_Raw data_.
-=-=-

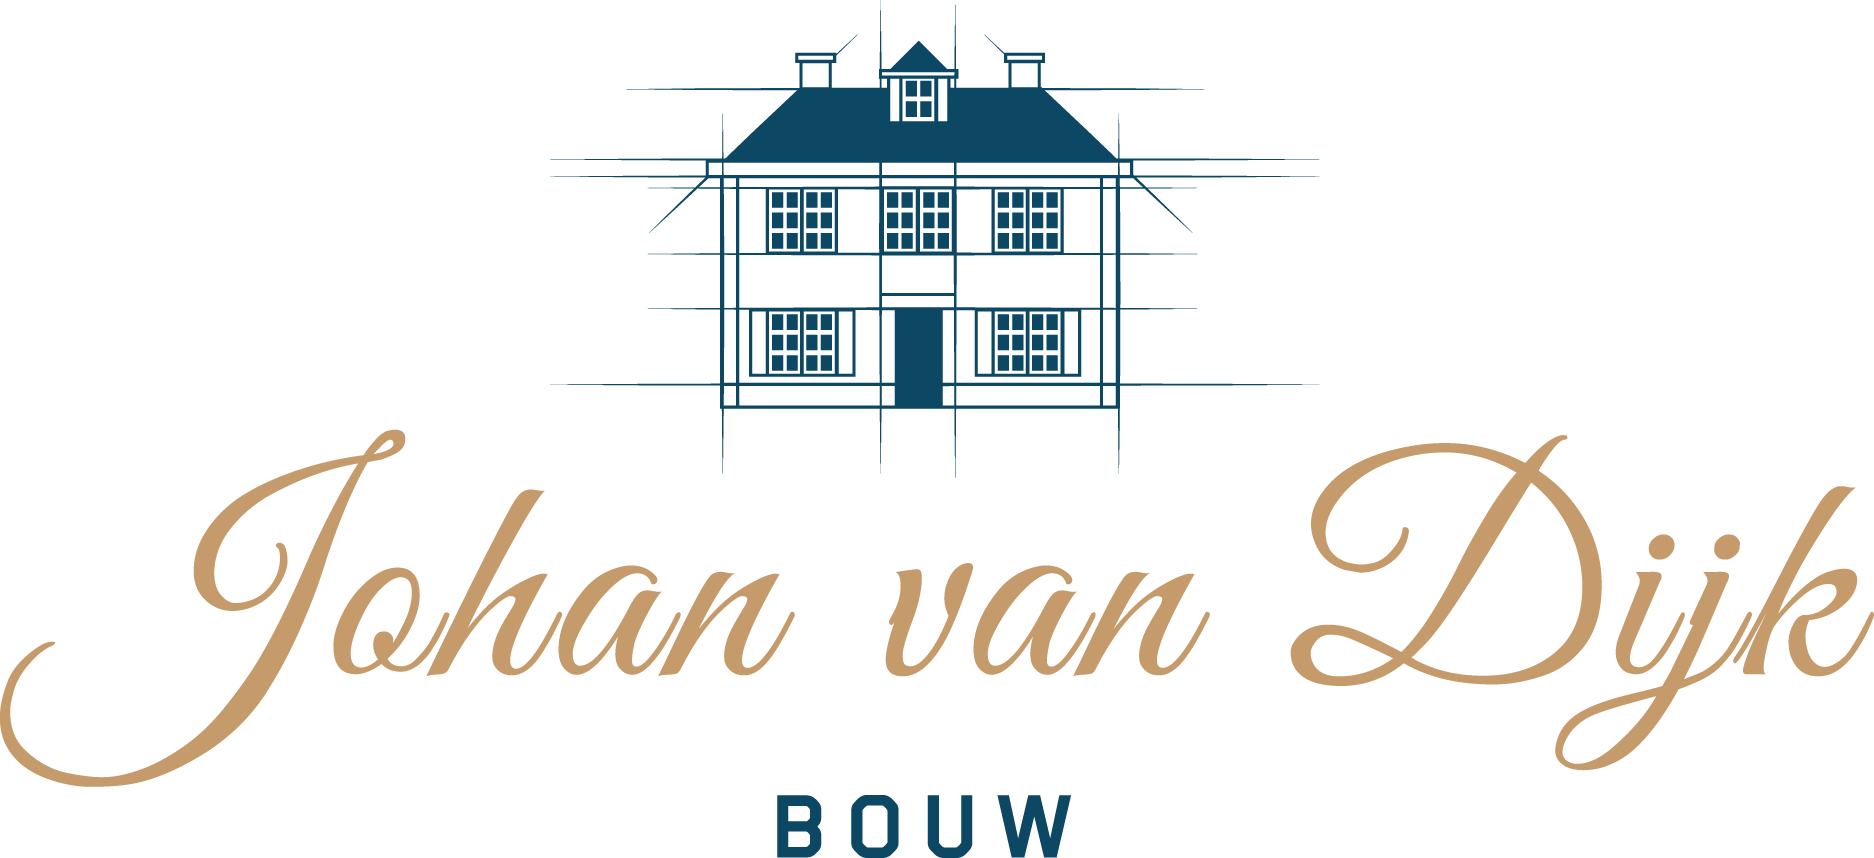 Johan van Dijk Bouw
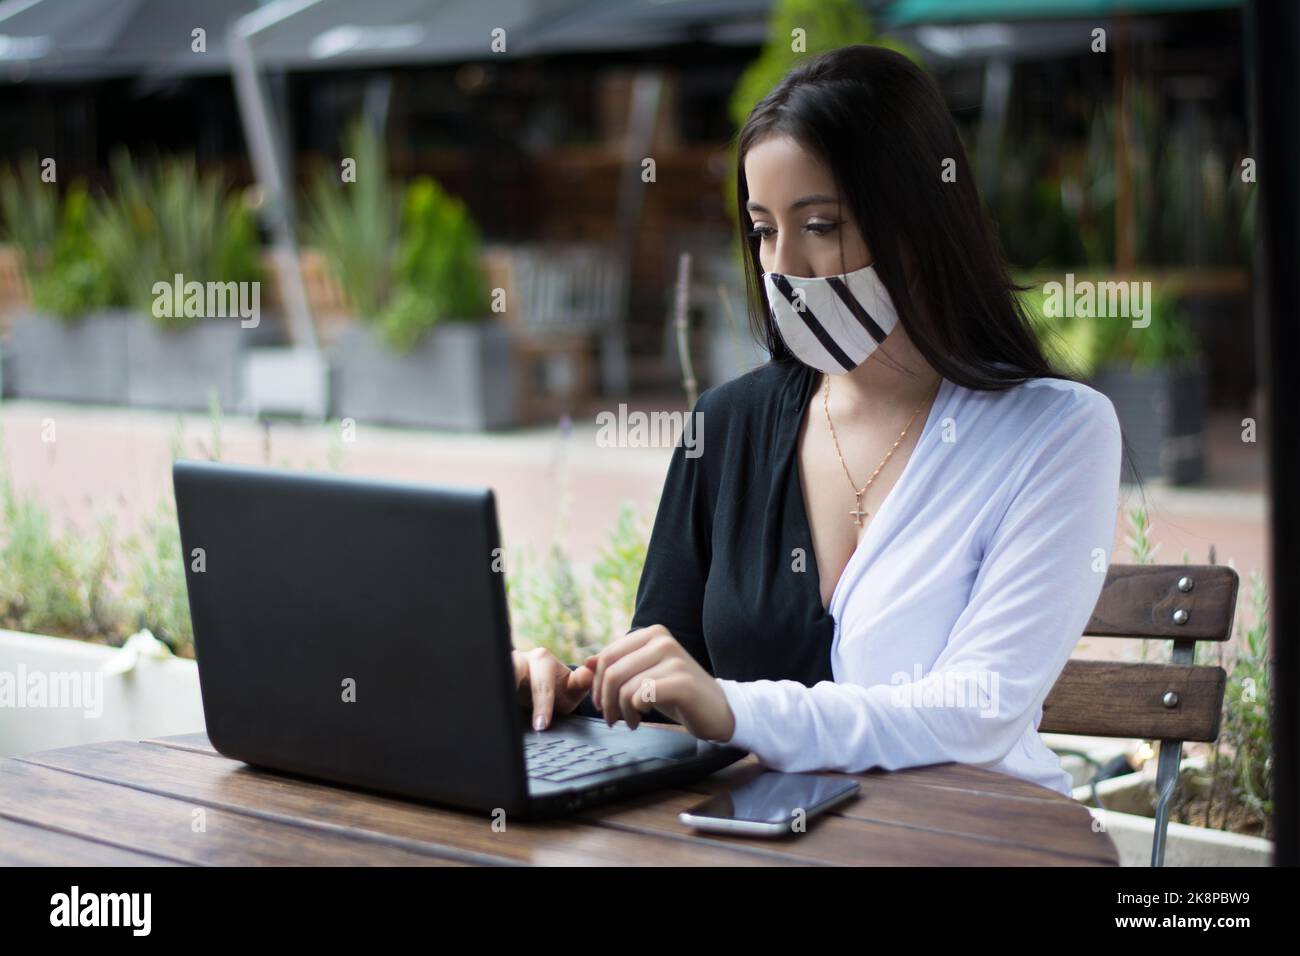 Une femme portant un masque, travaillant sur son ordinateur portable avec une expression sérieuse dans un café Banque D'Images
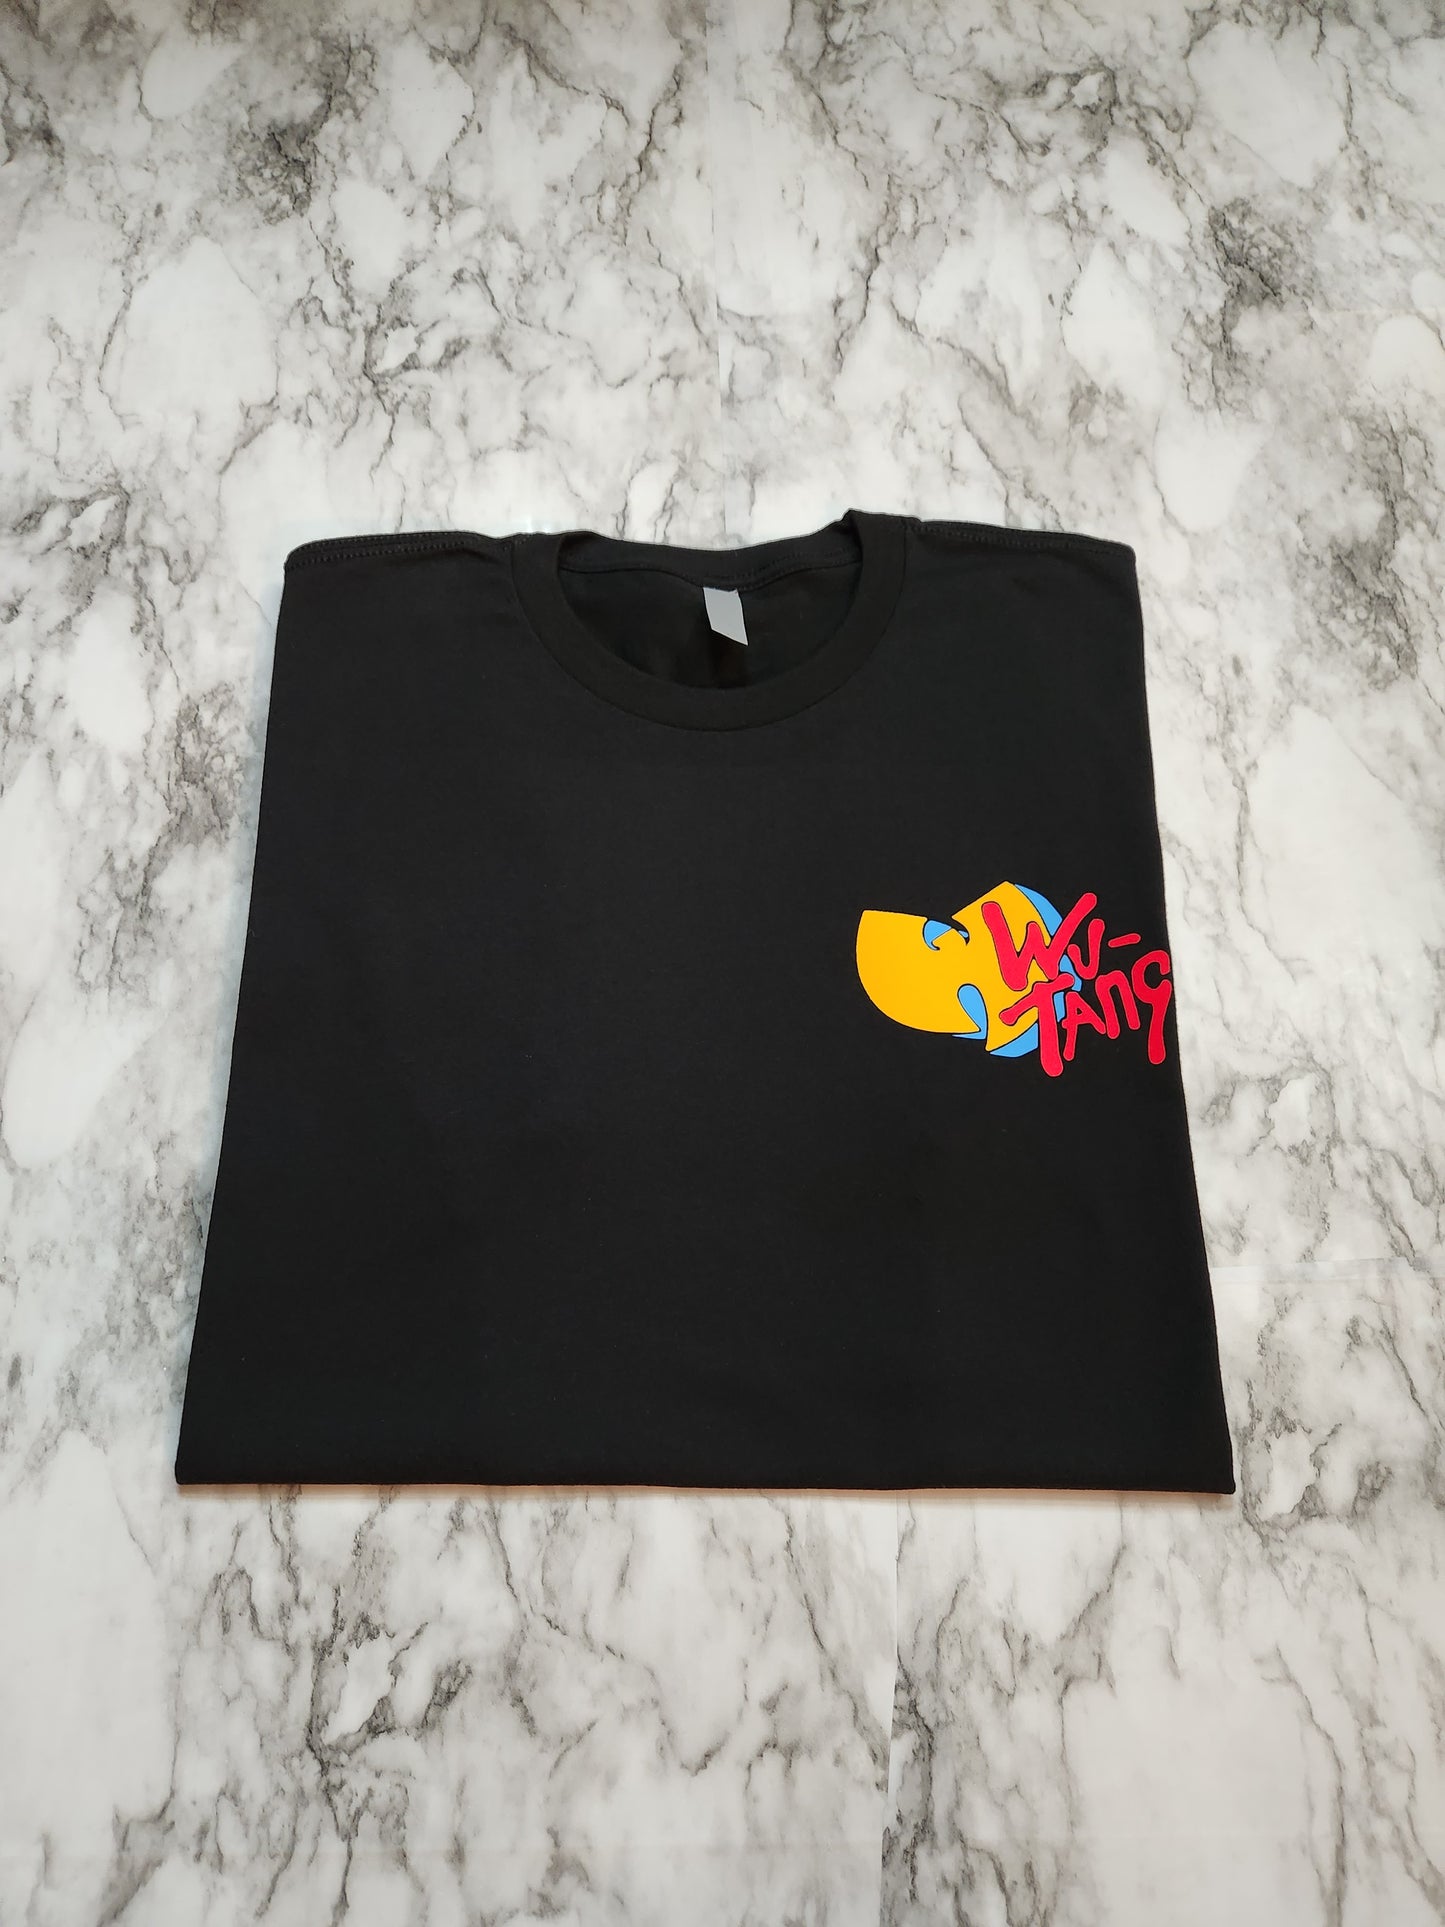 WuTV T-Shirt (Alternate) - Centre Ave Clothing Co.
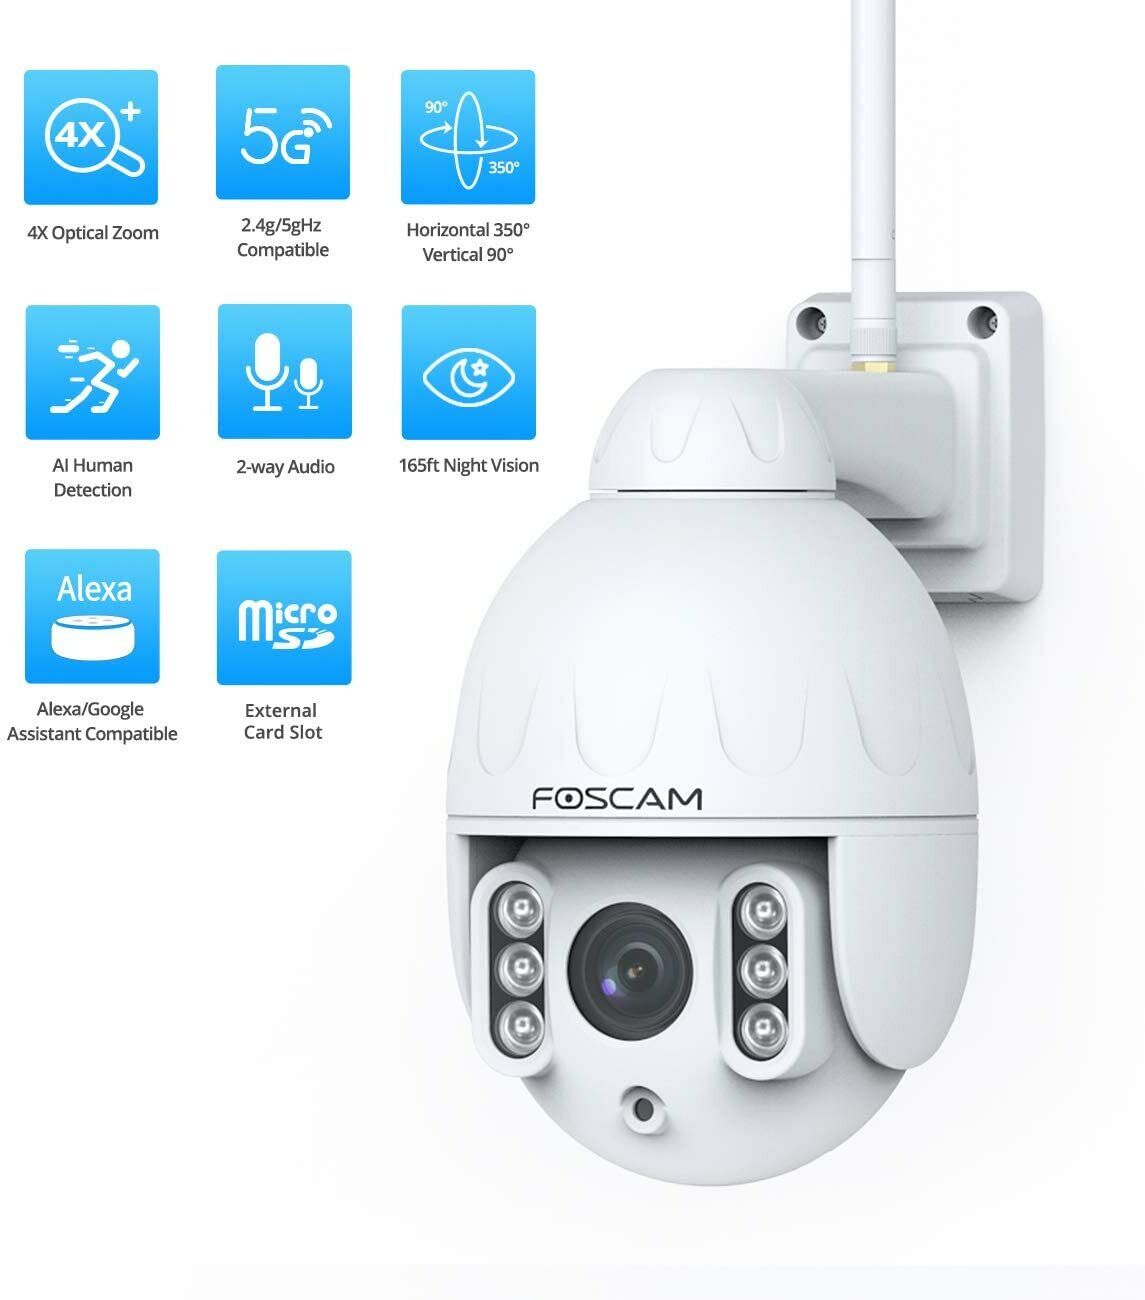 bodem calorie baard Foscam 4X Optical Zoom Pan Tilt HT2 1080p Outdoor 2.4g/5gHz WiFi PTZ IP  Camera 886897581378 | eBay

-=-=-

_Assigned task_. Copy exactly, and copy nothing else: the lines from the one containing "WuTV T-Shirt (Alternate)" through the end of the data, both ends included, with pictures left out.

_Answer section_.
 WuTV T-Shirt (Alternate) - Centre Ave Clothing Co.
 bodem calorie baard Foscam 4X Optical Zoom Pan Tilt HT2 1080p Outdoor 2.4g/5gHz WiFi PTZ IP  Camera 886897581378 | eBay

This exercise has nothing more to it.